It is now time to take stock of these advances 
 these major steps forward 
 [beyond] traditional modes of Shakespeare criticism and scholarship.1

1

Fundamental to the essays in this book are the following intentions: to concentrate on what I judge to be the play’s intended meanings; to take due account of the entire text in the process of interpretation; to attend where profitable to aspects of historical context other than the political; to enhance appreciation of the dramatist’s conscious art; and to encourage readers to empathise with his perspectives on character, action, and life. Clearly, then, these essays will not have contributed to the great march forward celebrated by John Drakakis as he surveys the years between Alternative Shakespeares (1985) and Alternative Shakespeares, Volume 2 (1997), landmark collections of critical essays which typify the radical or postmodernist criticism (deconstructionist, Marxist, new historicist, cultural materialist) that has dominated Shakespeare studies since about 1980.2
As my stated intentions indicate, I have a number of objections to radical criticism of Shakespeare. First of these is the fact that it disallows in the student the sense of wonder, excitement, and admiration which his plays inspired in me from my own undergraduate days to ‘the pupil age of this present twelve o’clock’. The radical attitude to Shakespeare (characteristically and slightingly dubbed ‘the Bard’) varies from suspicion to condescension and even outright hostility, reflecting a determination not to be daunted by his great reputation or seduced by ‘the aesthetic dimension’. It sees him primarily as a social thinker submerged in his own historical moment and not as a great artist whose imagination and craft gave enduring life to his characters and their experiences. His art, both tragic and comic, is effectively ignored, and if passing reference is made to it, it is usually to characterise it as a dangerous distraction. Thus one of the beliefs to which radical criticism is opposed, says Terence Hawkes, is that Shakespeare ‘is entertaining. He makes us laugh and cry like billy-oh, and can command our rapt attention like no other writer.’ In fact, adds Hawkes, his plays should not be thought of in terms of ‘anything as forbidding as Art’; we should reflect rather on the ‘collective role’ of the audience responding to the plays ‘as in a modern football stadium’, viewing them not as art but ‘as part of an ensemble of spectacular entertainment 
 one which included bear-baiting, brothels, the stocks, the pillory, the exhibition of the mentally disturbed, public beheading and evisceration, and royal processions. These competed — on equal terms — with the theatre for an audience.’3 The origins of this line of argument are political and go back to the turbulent 1960s and 1970s, when Louis Kampf, President of the Modern Language Association of America, endorsed the newly fashionable view that art is elitist, claiming that ‘the very category of art has become one more instrument for making class distinctions’.4 ‘The fountains [at the Lincoln Center]’, he said, ‘should be dried with calcium chloride, the statuary pissed on, the walls smeared with shit.’5
Critics who write about Shakespeare in the Hawkesian manner reveal an impressively iconoclastic self-confidence; and indeed there is an obvious correlation between the current demotion of Shakespeare and the promotion and self-promotion of the critic, the latter apparently competing at times on equal terms with the former.
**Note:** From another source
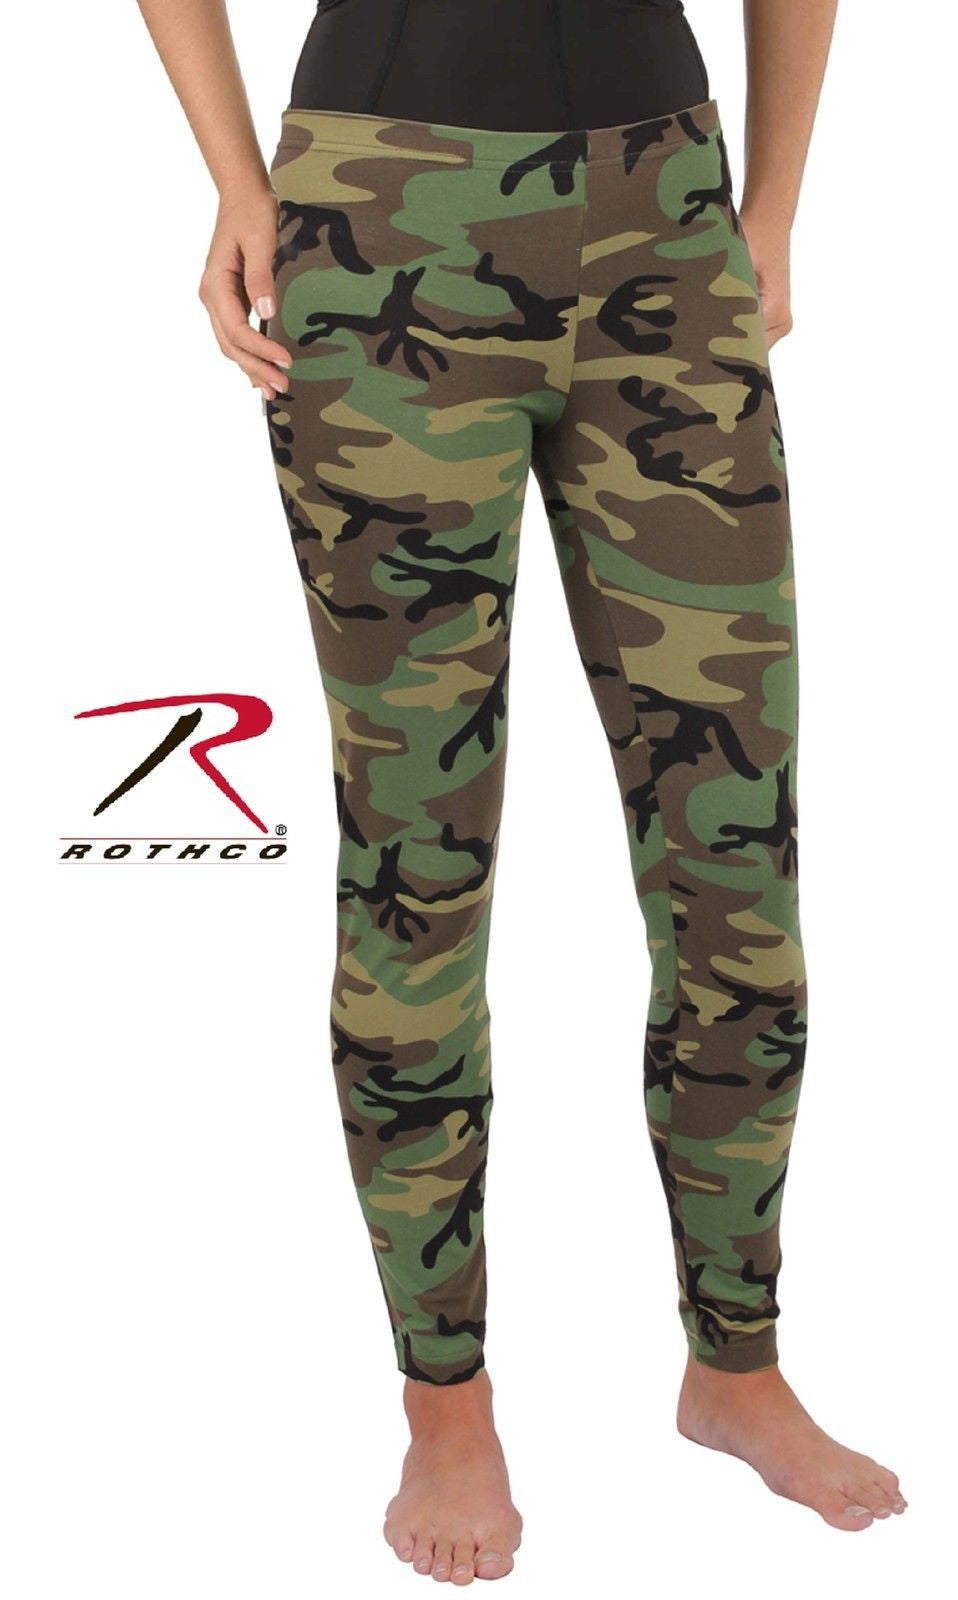 Womens Camouflage Leggings - Snug Cotton Spandex Classic Camo

In the new dispensation, the critic does not listen to the dead author but seeks to ‘engage in a dialogue’ or a quarrel with him; the critic is no longer an interpreter of the text but a ‘producer’ of its meanings or, as Terry Eagleton puts it, a ‘co-partner’. ‘Shakespeare was not great literature lying conveniently to hand’, explains Eagleton, ‘he is great literature because the [literary] institution constitutes him as such.’6 As a prominent member of the institution and one of Shakespeare’s most restive partners, he announces on the first page of his bestselling William Shakespeare that ‘[t]o any unprejudiced reader — which would seem to exclude Shakespeare himself, his contemporary audiences and almost all literary critics — it is surely clear that positive value in Macbeth lies with the three witches. The witches are the heroines of the piece, however little the play itself recognizes the fact.’7
This reverse valuation of creative writer and critic is not confined of course to Shakespeare studies (although when Shakespeare is the demoted writer in question it does have a singular audacity); the attitude is typical of postmodern theory and criticism as a whole. Barthes’s alleged Death of the Author, and Derrida’s assurance that every text ‘since Plato’ lies waiting for its unintended contradictions to be unpacked in the academy (‘Derrida has shown us 
’), inaugurated what W.J.T. Mitchell has hailed as ‘The Golden Age of Criticism’, a period when ‘the dominant mode of literary expression 
 is not poetry, fiction, drama, film, but criticism and theory’.8 Until the sales of radical theory and criticism begin to challenge those of fiction and poetry, and audiences desert theatres and cinemas for public readings from avant-garde critics, we can dismiss this claim as absurd. But in the academic study of Shakespeare the success of radical criticism is such that its iconoclastic assertions and daring ‘productions’ have to be taken very seriously.

2

A major symptom of radical criticism’s hostility to Shakespeare’s art is its persistent sneering at the attribution to his plays of an essential unity, an attitude whose primary sanction is to be found in the work of Marxist theorists such as Pierre Macherey9 and Frederick Jameson.10 The offending attribute is ‘an imaginary coherence’ allegedly imposed on the plays by liberal humanist (or ‘traditional’ or ‘conventional’) critics driven by ‘certain pressing ideological imperatives’.11 ‘In the old days’, explains Alan Sinfield, ‘the thing you were meant to do with a literary text was to point out how whole and complete it was. The trick now is to do the opposite, to look for the gaps and silences and stress and pressure points.’12 And elsewhere he adds that ‘coherence is a chimera 
 No story can contain all the possibilities it brings into play; coherence is always selection.’13
There is a degree of error and confusion in these observations. In the first place, no critic writing in ‘the old days’ would have denied that coherence always entails selection; in fact since the time of Aristotle, who introduced the metaphorical concept of organic unity to dramatic criticism, it has been taken as axiomatic that artistic unity is entirely dependent on selection, and that the drama, being subject to a strict time limit, is of necessity the most economical and compressed of all literary forms. Moreover, the maxim of Ferdinand Brunetiùre (1849–1906) that ‘conflict is the essence of drama’ was generally accepted, and A.C. Bradley subsequently established a long tradition when he analysed Shakespeare’s tragedies in terms of behavioural and emotional conflict and found at their heart an unresolved metaphysical contradiction (the radical critic substitutes ideological and political contradiction). The effect of the New-Critical tradition too was to stress in Shakespeare’s plays a combination of both formal unity and inner contradiction (or ambivalence, or paradox). A clear instance of this combination is Richard II, where structural symmetry and ironic circularity reinforce a profoundly complex if not ambiguous attitude to the rights and wrongs of the Richard–Bolingbroke conflict, leaving us with a final sense of pattern and closure and yet with an awareness that for Bolingbroke and England ‘the really difficult part was only just beginning’ (to quote a Chekhov ending).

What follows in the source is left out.